Hunger Banquet Sheds Light on Local Poverty

MATAYA ARMSTRONG | THE SPECTRUM At the first annual Hunger Banquer, each table was given three different meals. Mathew Bilitz, part of the Alpha Tau Omega organization, was one of few that received only rice for dinner
MATAYA ARMSTRONG | THE SPECTRUM
At the first annual Hunger Banquet, each table was given three different meals. Mathew Bilitz, part of the Alpha Tau Omega organization, was one of few that received only rice for dinner

It is not often that people of every so­cial class sit down to eat at the same table. But on Thursday, guests of NDSU’s Hunger Banquet did just that.

At each table sat a variety of place set­tings: two with salads and metal cutlery, some with a plastic knife and fork and oth­ers with a single plastic soon. Guests quick­ly learned that some would be receiving a three-course meal, a few would be eating tater tot hot dish, while the rest would be getting a simple bowl of rice.
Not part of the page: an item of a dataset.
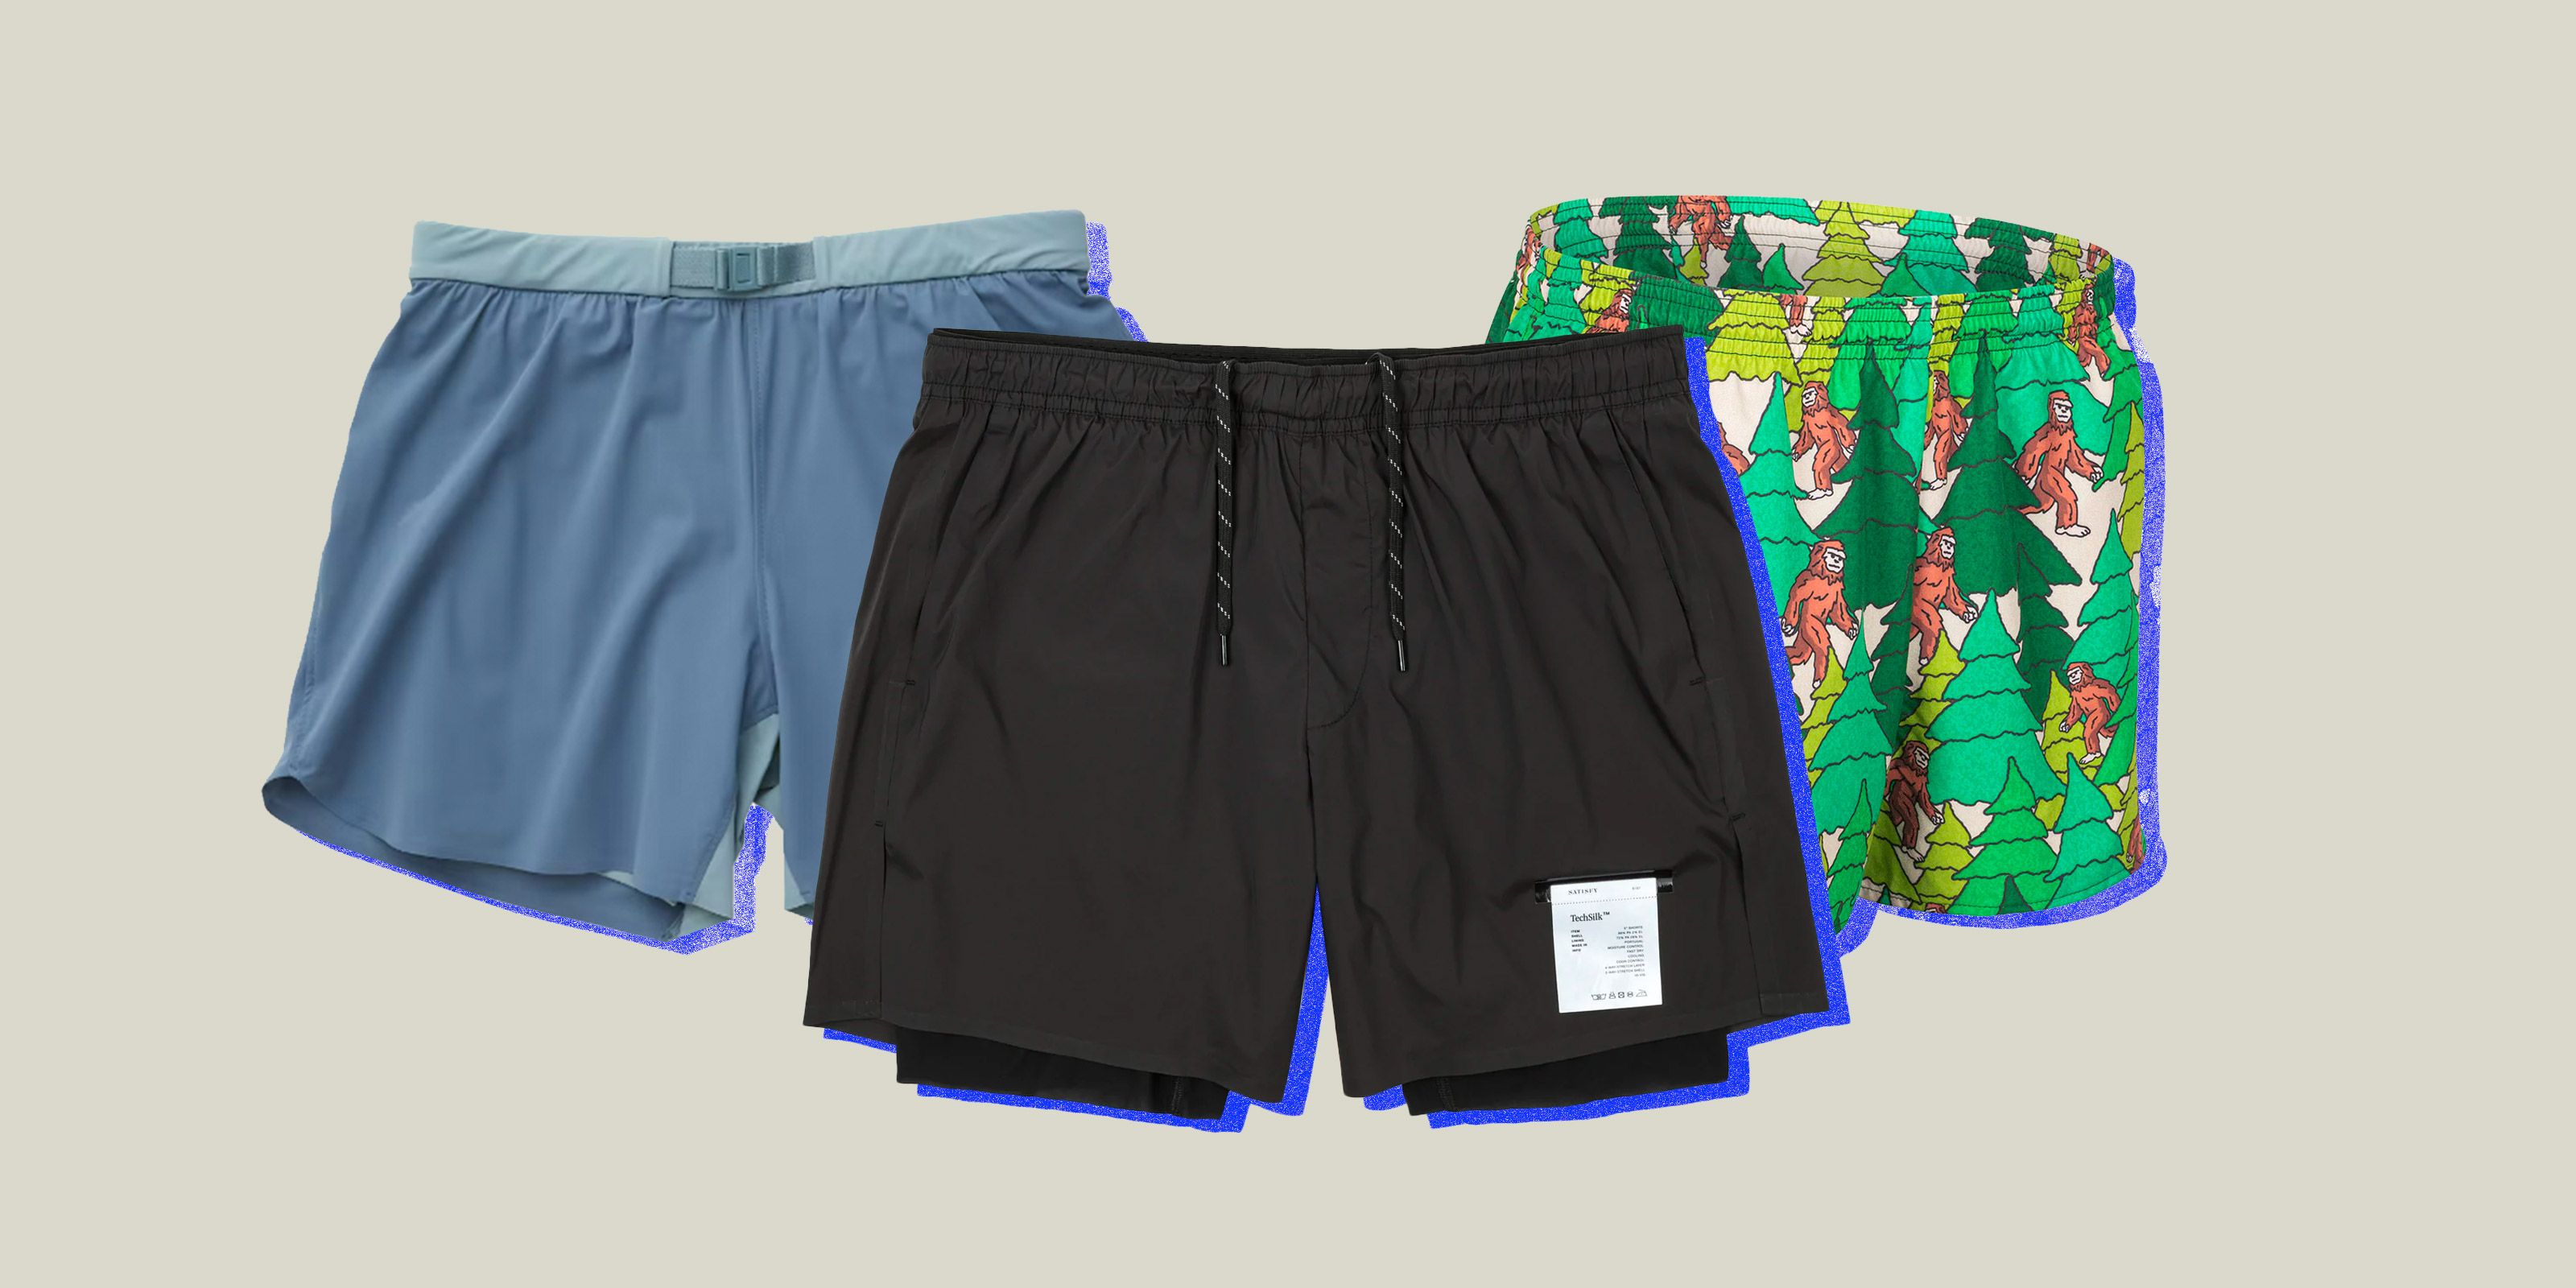 The Best Running Shorts for Every Type of Runner

Freshman math education major Jessica Prigge was part of the “lower class” that re­ceived the bowl of rice.

“At first I thought it was a joke, not go­ing to lie,” Prigge said with a laugh. “Then once I got it it’s like ‘Oh.’ It’s just a little shocking.”

The meal was meant to stimulate the re­alities of poverty throughout the world and to shed light on homelessness and hunger in the Fargo-Moorhead area.

Following the meal, guest speaker and youth minister Erik Hatch reflected on the meal and how each “class” felt throughout the simulation.

“Sitting at a table with people who are grossly more impoverished than us doesn’t happen very often,” Hatch said.

Hatch, who started Fargo’s annual 24- hour poverty simulation Homeless and Hungry, emphasized the impact that hunger and poverty has on children. He called on his audience, which was primar­ily NDSU students, to reach out to un­derprivileged kids in the area.

“The greatest possible thing we can do as young adults is get involved in the life of a young person,” Hatch said.

The speaker suggested that students take time to go to homeless shelters and experi­ence firsthand what is happening in the F-M area. Hatch said that helping at-risk youth is the best way to prevent them from becoming impoverished adults.

He also suggested that students get in­volved with a charity that focuses specifi­cally on helping children such as the Big Brothers Big Sisters program and the Lega­cy Children’s Foundation.

But one student in the audience asked Hatch how much time should be devoted to volunteering before it interferes with their education. Although he didn’t have a direct answer, Hatch said that what he remembers most about his college education was not the classes he took or the projects he did. He said he remembers his charity work the most.

Seniors Jor­dyn Geisenhof and Katie Wor­ral spearheaded this year’s Hunger Banquet alongside the Lions Club and the NDSU Volunteer Network. The two of them also co-chaired last year’s Big Event, and Geisonhof said they wanted to do one final charity event for their senior year.

Geisonhof, a community health major, said she hopes the Hunger Banquet made an impact on those who attended.

“I hope that (people) know that even as a college kid, you can make a difference and change someone’s life,” she said. “Even while you’re changing someone else’s life you’re changing yours as well.”